*ABOUT THIS EXERCISE*:
What is needed is an exact copy of the lines in the listing below, from the one with "TONIGHT! FRI MAY" up to and including the one with "#empirecomedyclub #comedyclub #maine", with no other lines.

*INFORMATION SUPPLIED*:
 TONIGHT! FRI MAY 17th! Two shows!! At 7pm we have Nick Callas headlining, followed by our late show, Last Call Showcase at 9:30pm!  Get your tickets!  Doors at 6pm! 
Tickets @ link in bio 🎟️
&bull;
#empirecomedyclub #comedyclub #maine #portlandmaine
==
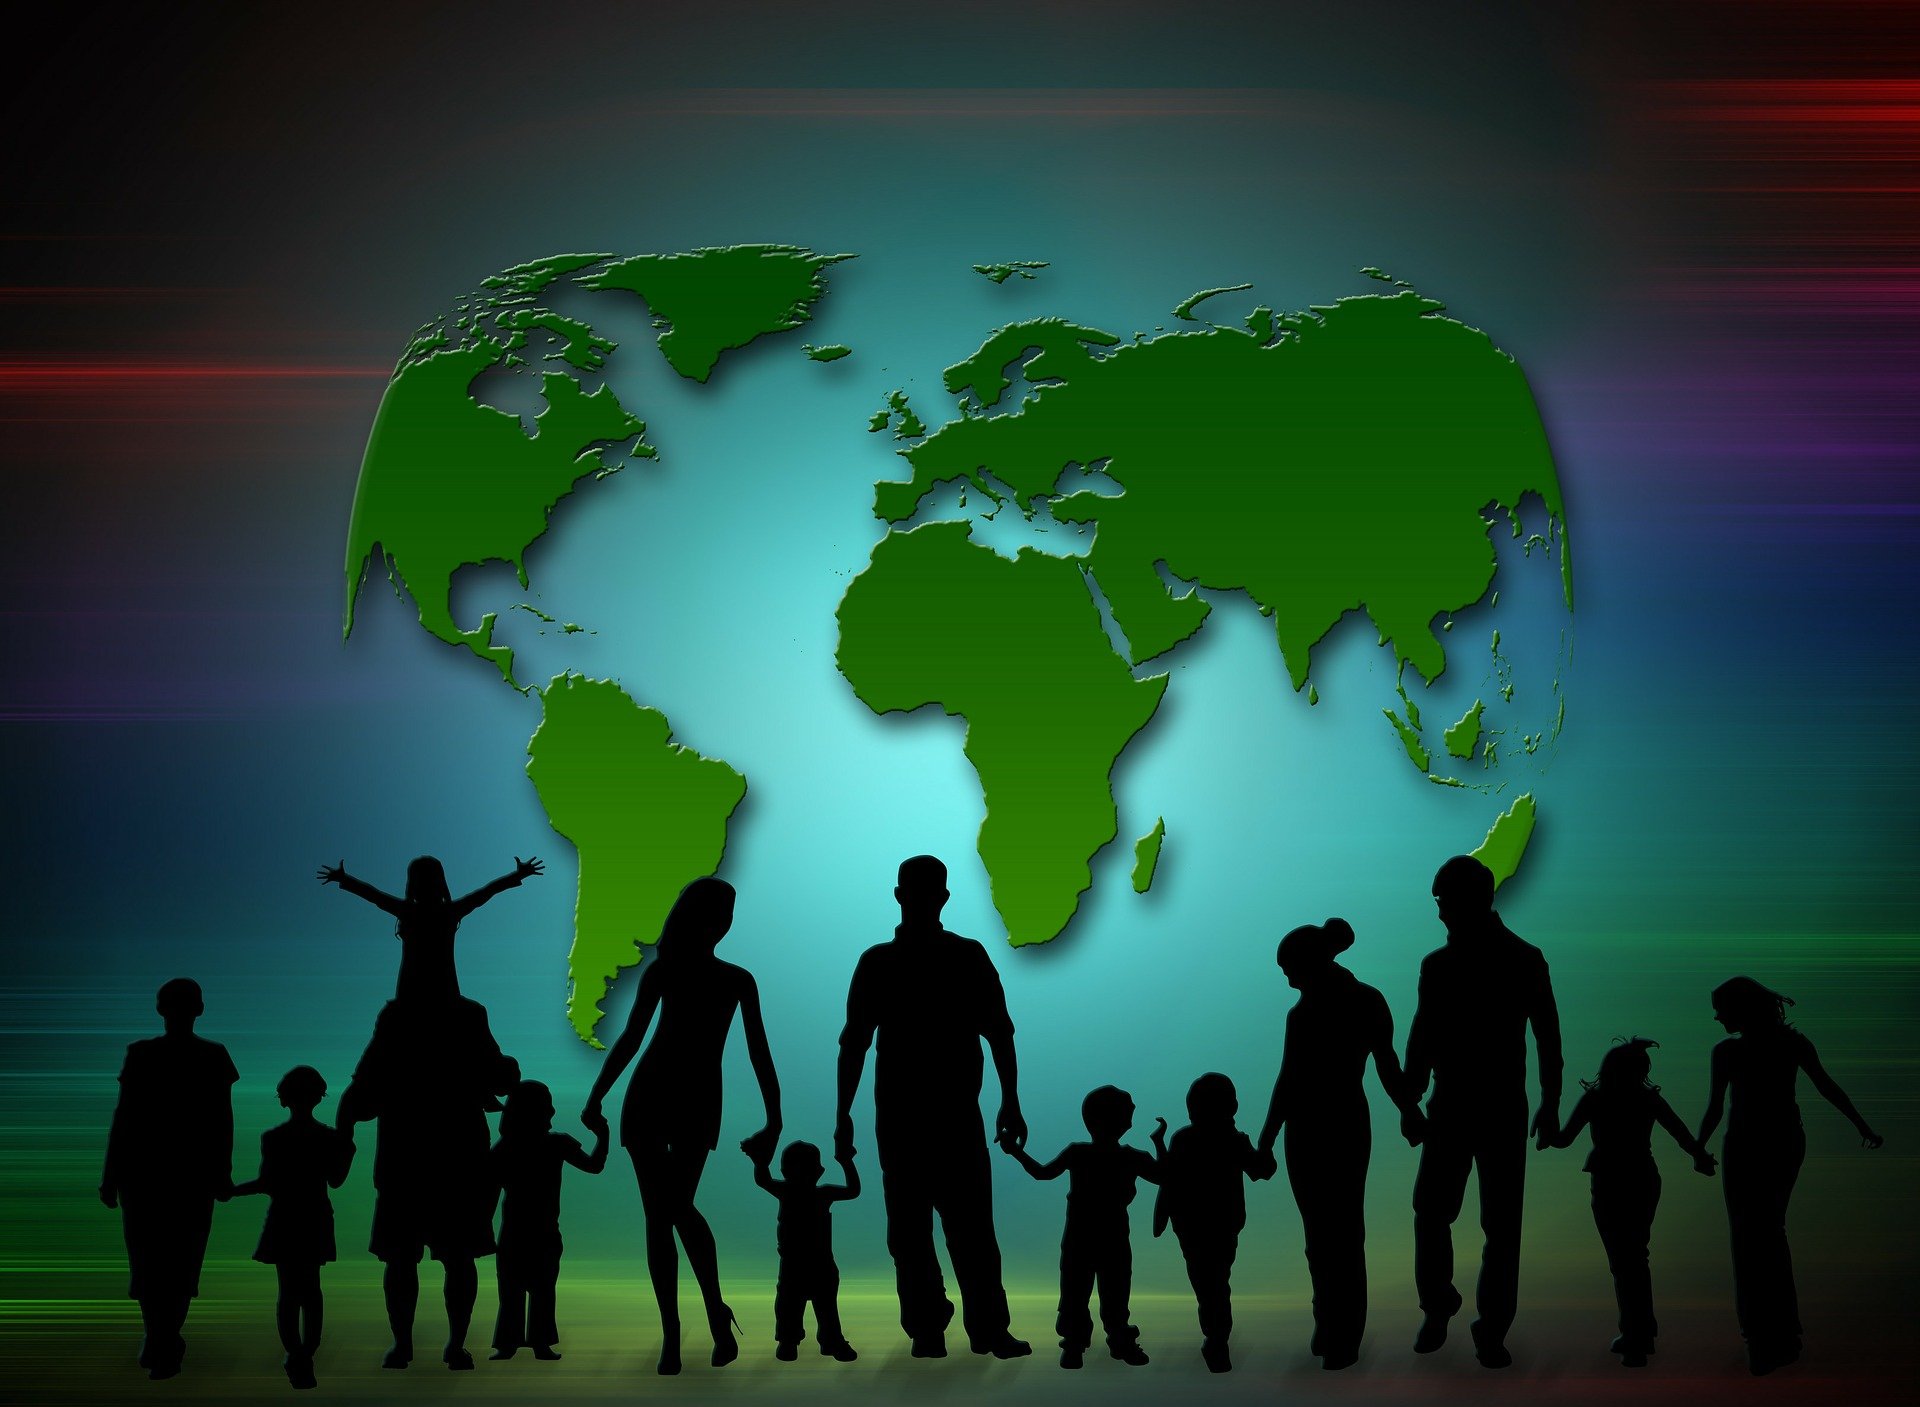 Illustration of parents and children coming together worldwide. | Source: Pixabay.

*OUTPUT OF THE EXERCISE*:
 TONIGHT! FRI MAY 17th! Two shows!! At 7pm we have Nick Callas headlining, followed by our late show, Last Call Showcase at 9:30pm!  Get your tickets!  Doors at 6pm! 
Tickets @ link in bio 🎟️
&bull;
#empirecomedyclub #comedyclub #maine #portlandmaine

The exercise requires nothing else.